Шрифт:
Интервал:
Закладка:
Левые партии вобрали в себя очень большую часть актива неформальных объединений «перестроечной эпохи» 1986—1990 гг. Всевозможные «экологические союзы», «народные фронты» и публичные дискуссионные клубы, предшествовавшие появлению настоящих политических организаций, были в большинстве своем левыми. Лозунгом неформального движения была не рыночная экономика, а участие общества в принятии решений. «Произошло смещение акцентов — от оборонительной самоорганизации к творческому участию в происходящих процессах, от пассивной реакции на события — к активному ведению кампаний», — отмечают исследователи. Сторонники неформальных групп в те годы «прежде всего исходили из не-экономических, моральных критериев»[88]. Участники экологического движения заявляли в своем манифесте, что для них «недопустимо превращение этой работы в модное развлечение, политическую приманку или средство наживы»[89].

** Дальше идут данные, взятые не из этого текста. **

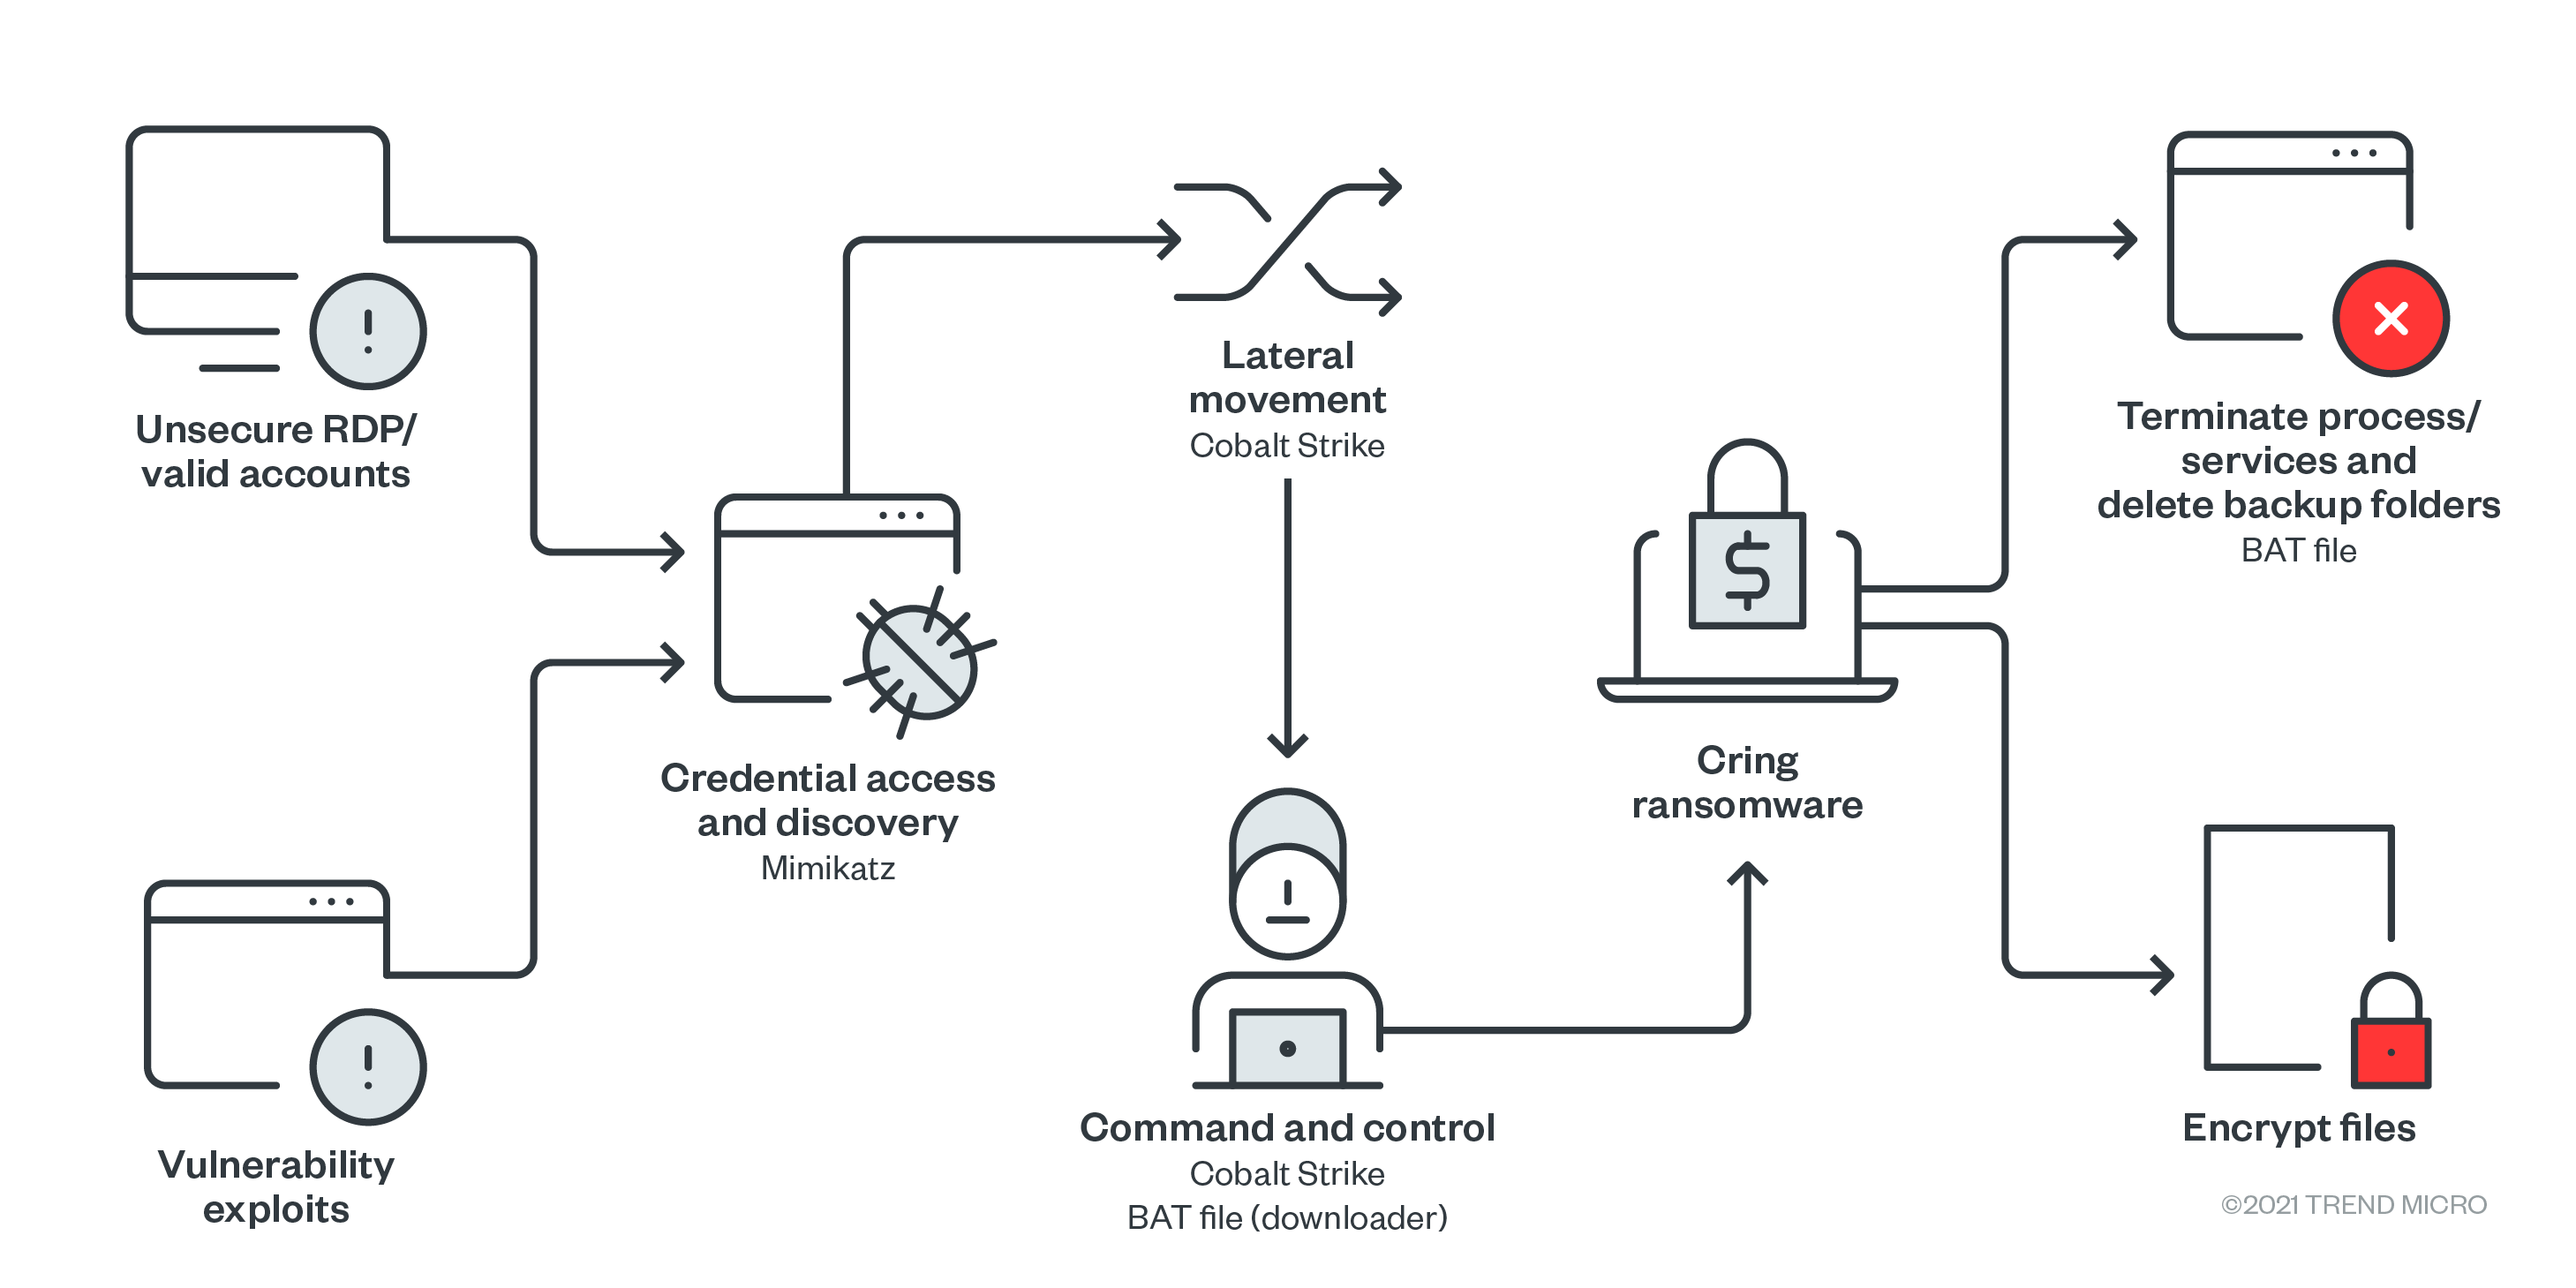 Figure 1. The Cring ransomware infection chain

Для некоторых участников подобных движений левизна была всего лишь маскировкой «переходного периода», но большинство активистов относилось к провозглашаемым идеям совершенно серьезно, что и предопределило их последующую эволюцию — в октябре 1993 г. основная масса бывших московских неформалов вновь встретилась на баррикадах, защищая парламент.
Тем более велико было разочарование активистов 1980-х гг., когда обнаружилось, что в изменившихся условиях 1990-х гг., не имея доступа к телевидению и прессе, без денег, помещений и платного аппарата, из реальной политической силы они за считанные месяцы превращались в изолированные и недееспособные группы.
Слабы оказались не только левые. Все организации партийного типа проявили себя в «новой России» нежизнеспособными. Вопреки широко распространенному предрассудку, партии вовсе не являются ровесниками парламентаризма и демократии. Слово «партия» употреблялось еще в Древнем Риме, но современная многопартийность возникла лишь в конце XIX в. Ранее парламенты состояли преимущественно из элитных фракций и «независимых» политиков, получавших свои мандаты благодаря деньгам или способности контролировать ситуацию на местах. Парламентские группировки прекрасно обходились без связи с массами, зато, даже находясь в оппозиции, поддерживали связь с властью.
«Плюрализм элит» позволял капитализму первоначального накопления сохранять либеральные институты, не допуская участия масс в политике. Взаимодействие жесткой и авторитарной структуры исполнительной власти с парламентской элитой — вот рецепт идеального олигархического правления, характерного для чистых форм либерально-рыночного капитализма XIX в.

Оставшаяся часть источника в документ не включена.